Data shown section start

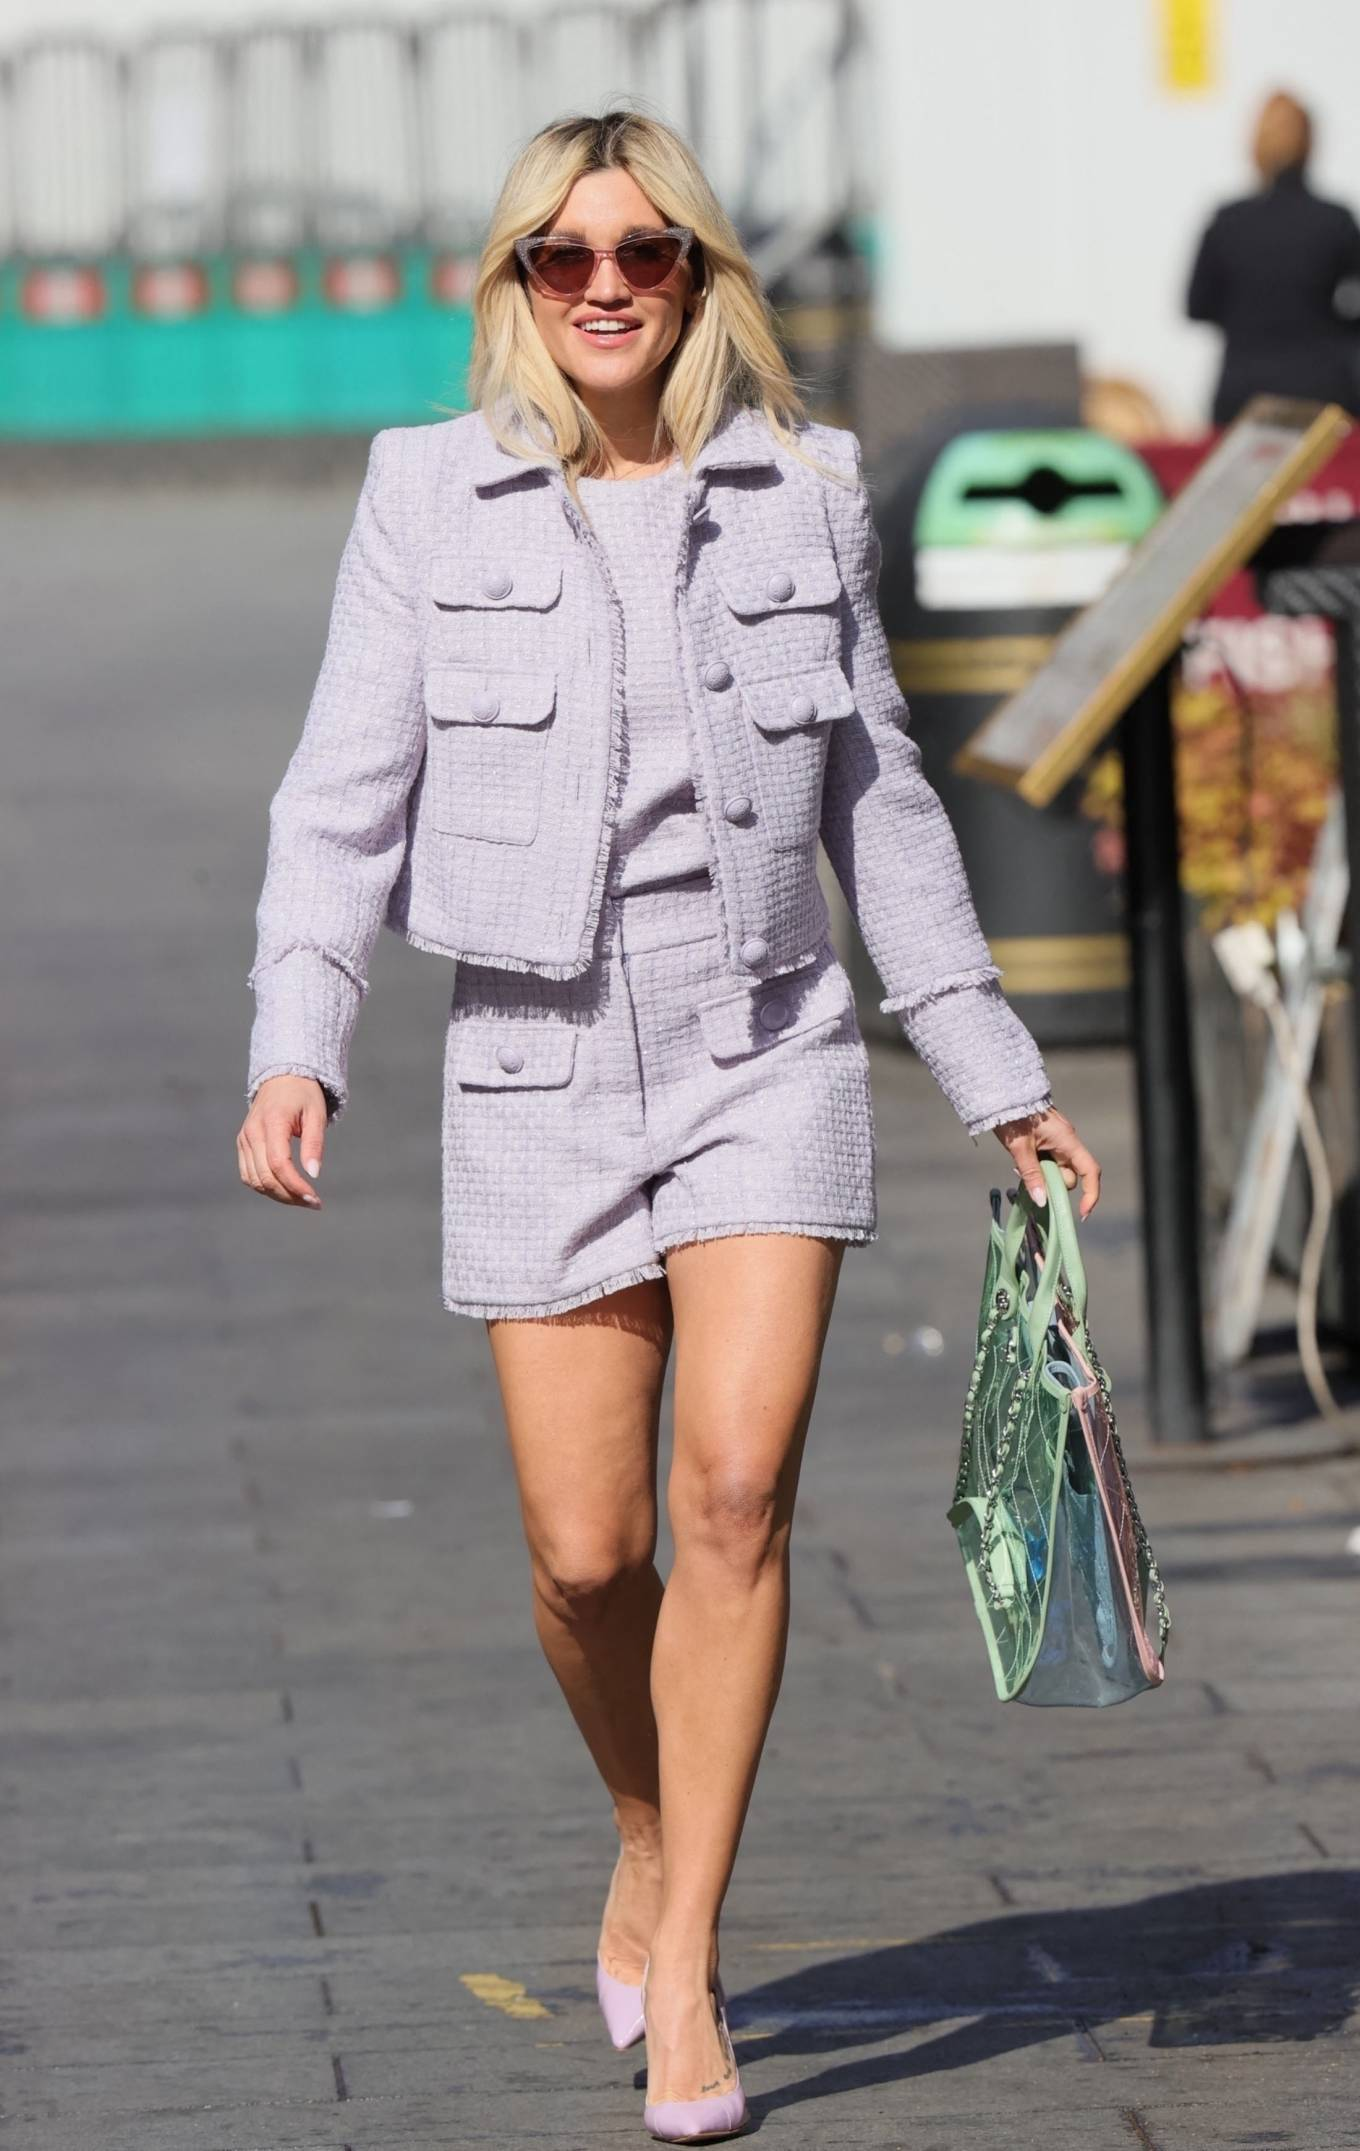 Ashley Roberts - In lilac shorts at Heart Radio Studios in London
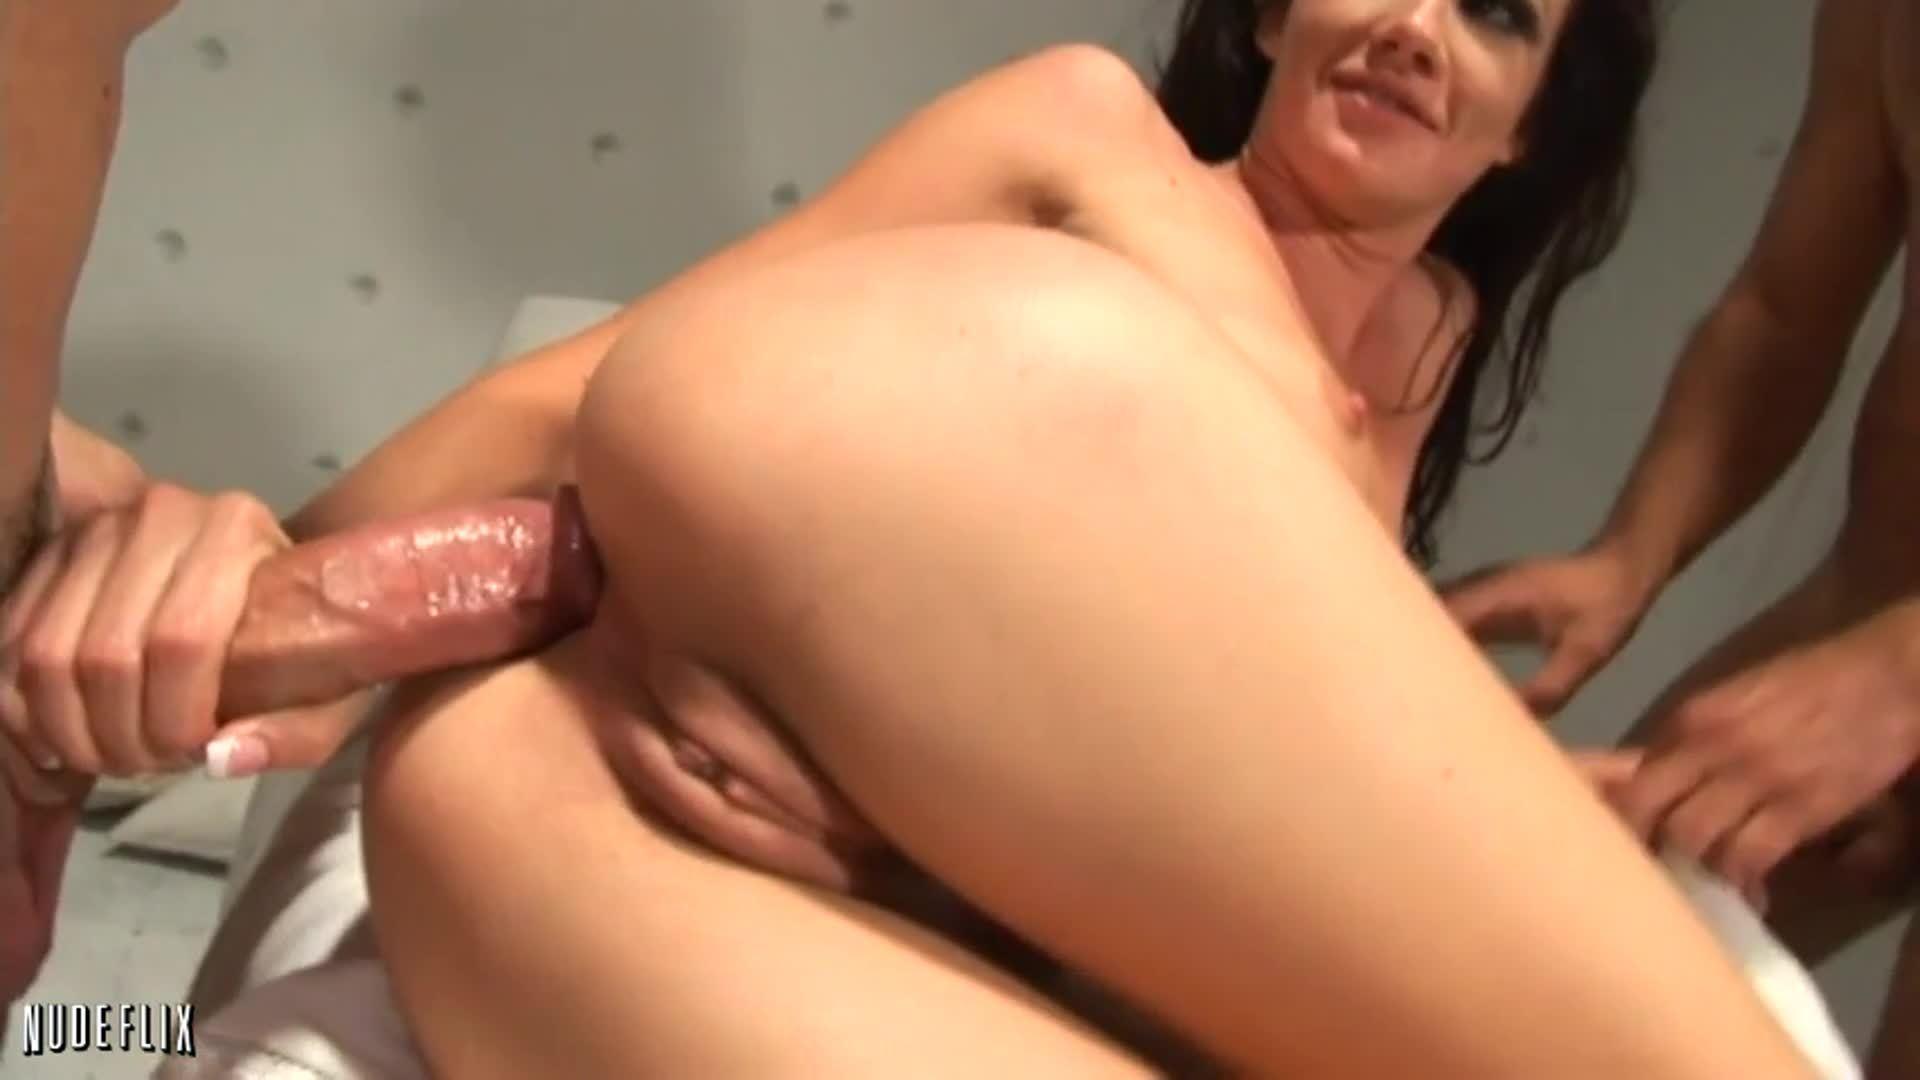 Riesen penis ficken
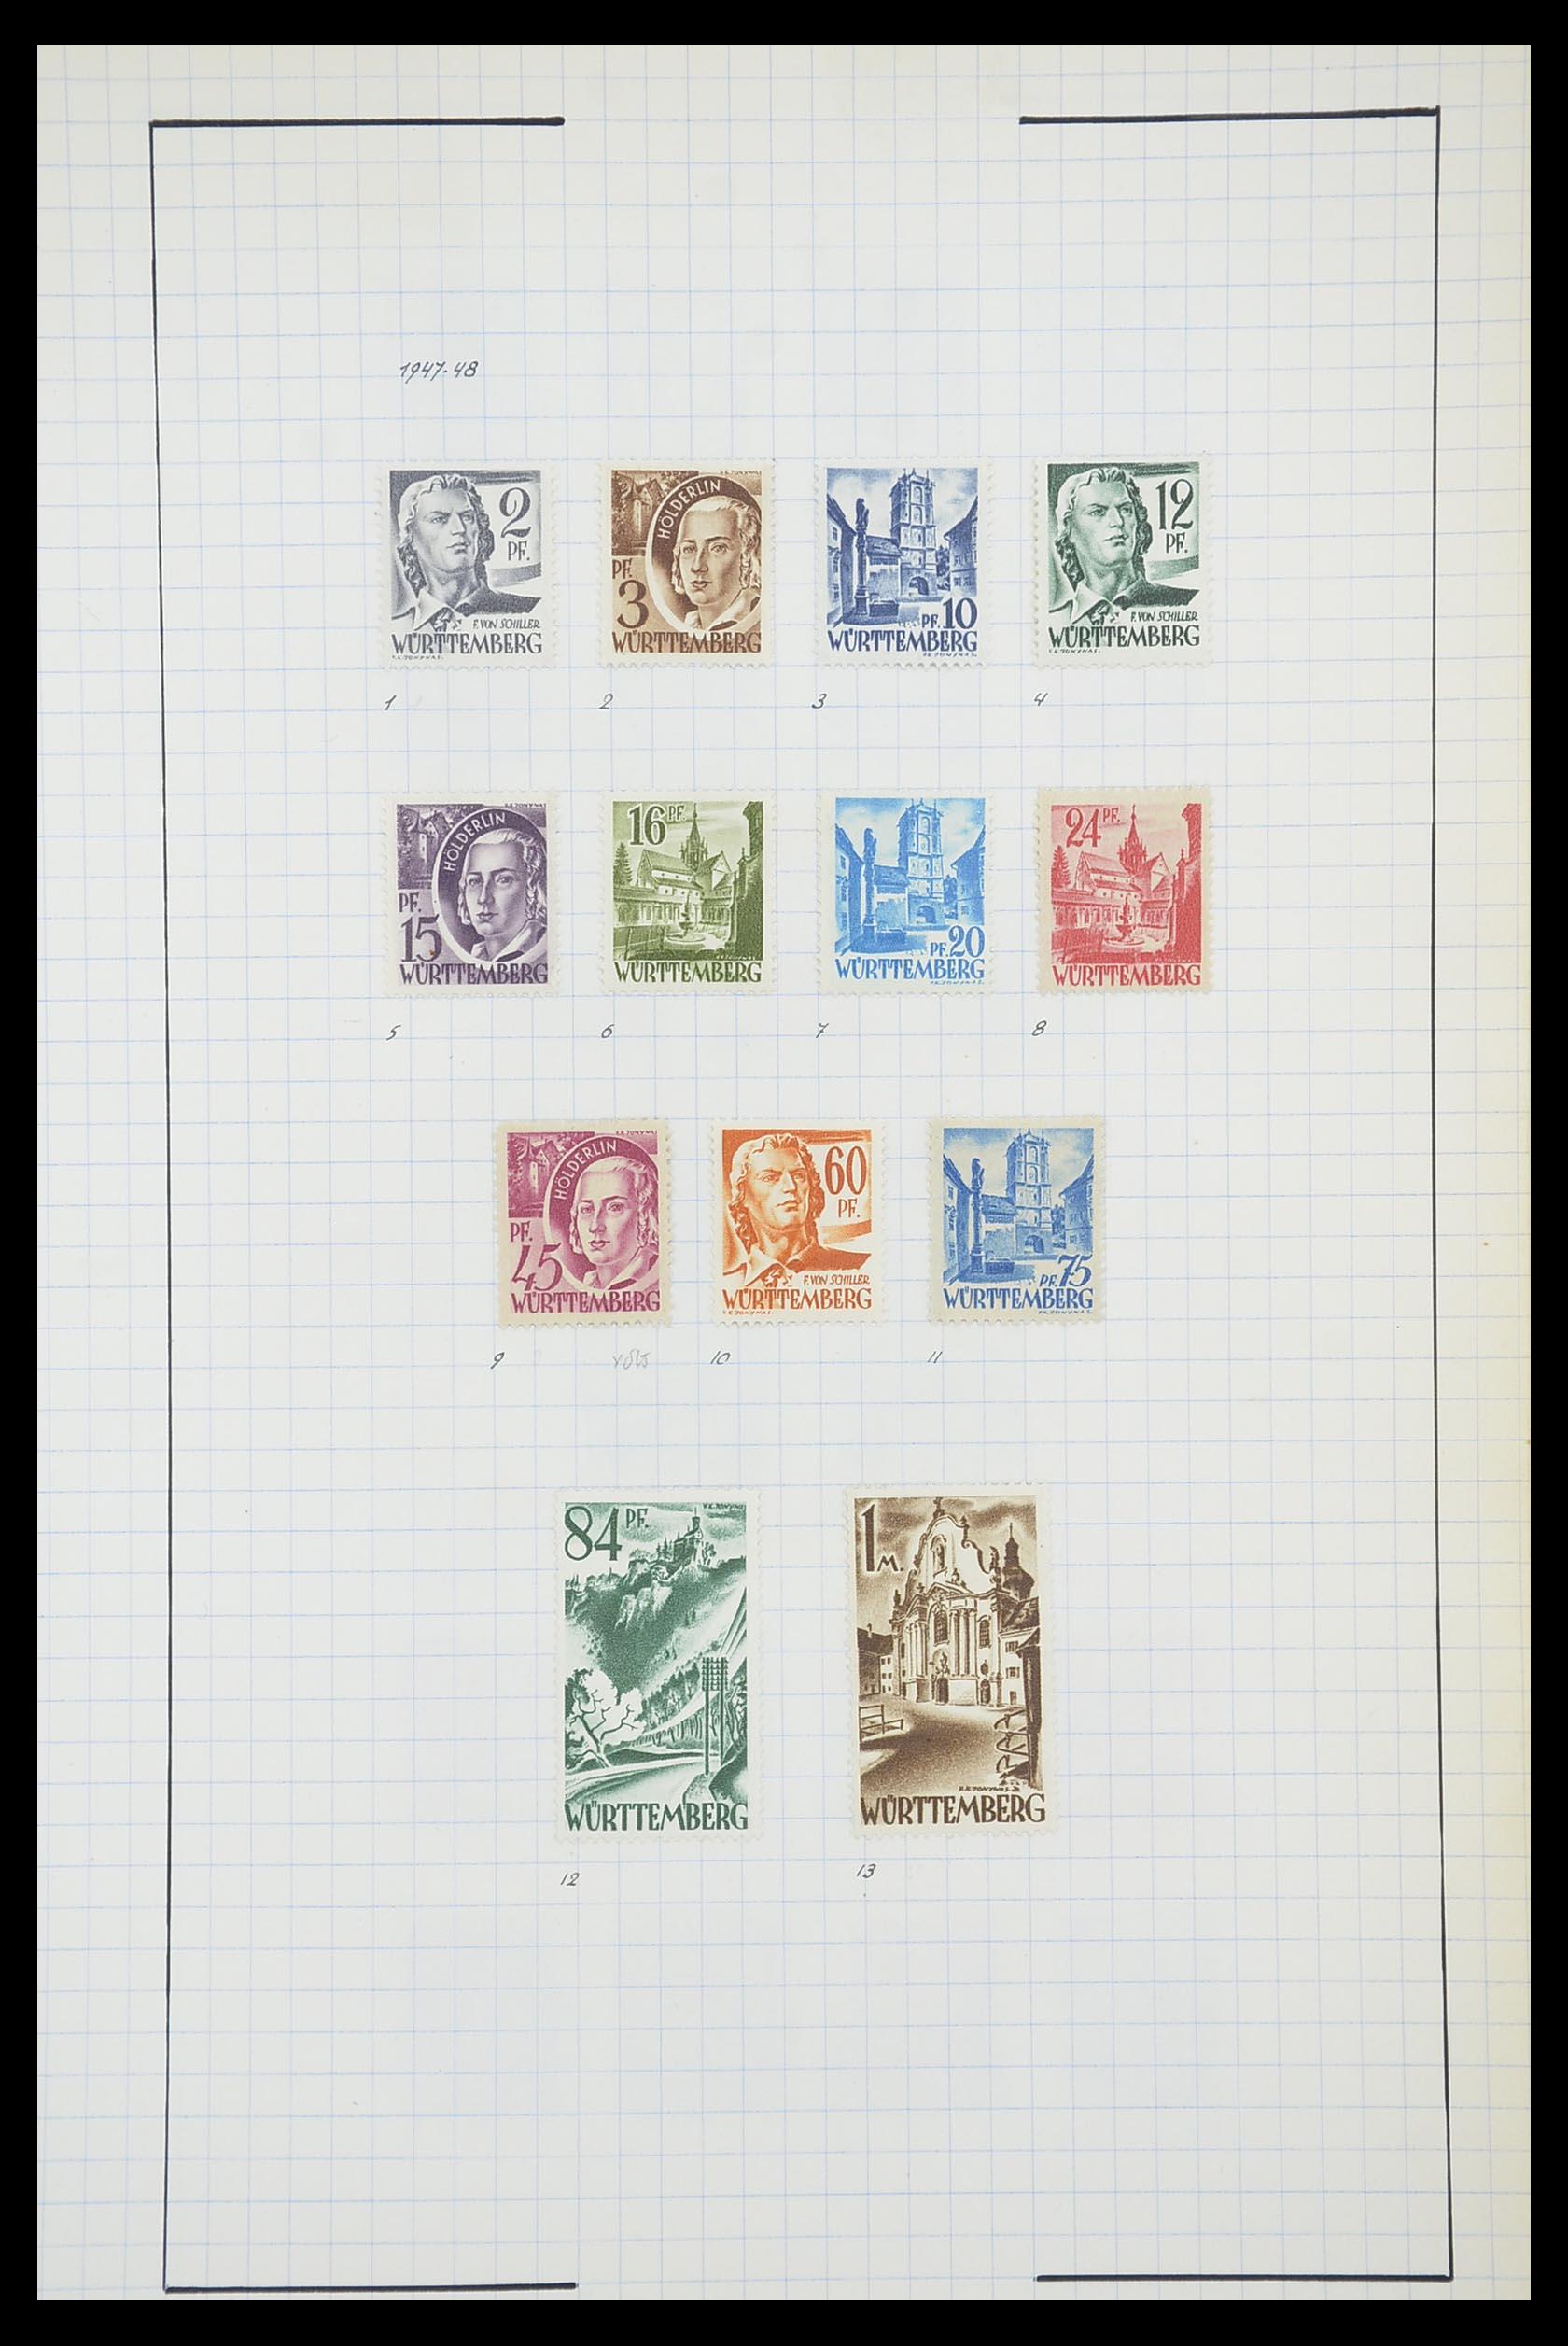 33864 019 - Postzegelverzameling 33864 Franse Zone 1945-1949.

Data shown section end

• [What you need to do]: Print exactly, and only, the lines from the line containing "Riesen penis ficken" to the last line of the material above, with every picture left out.

• [Answer to the exercise]:
 Riesen penis ficken
 33864 019 - Postzegelverzameling 33864 Franse Zone 1945-1949.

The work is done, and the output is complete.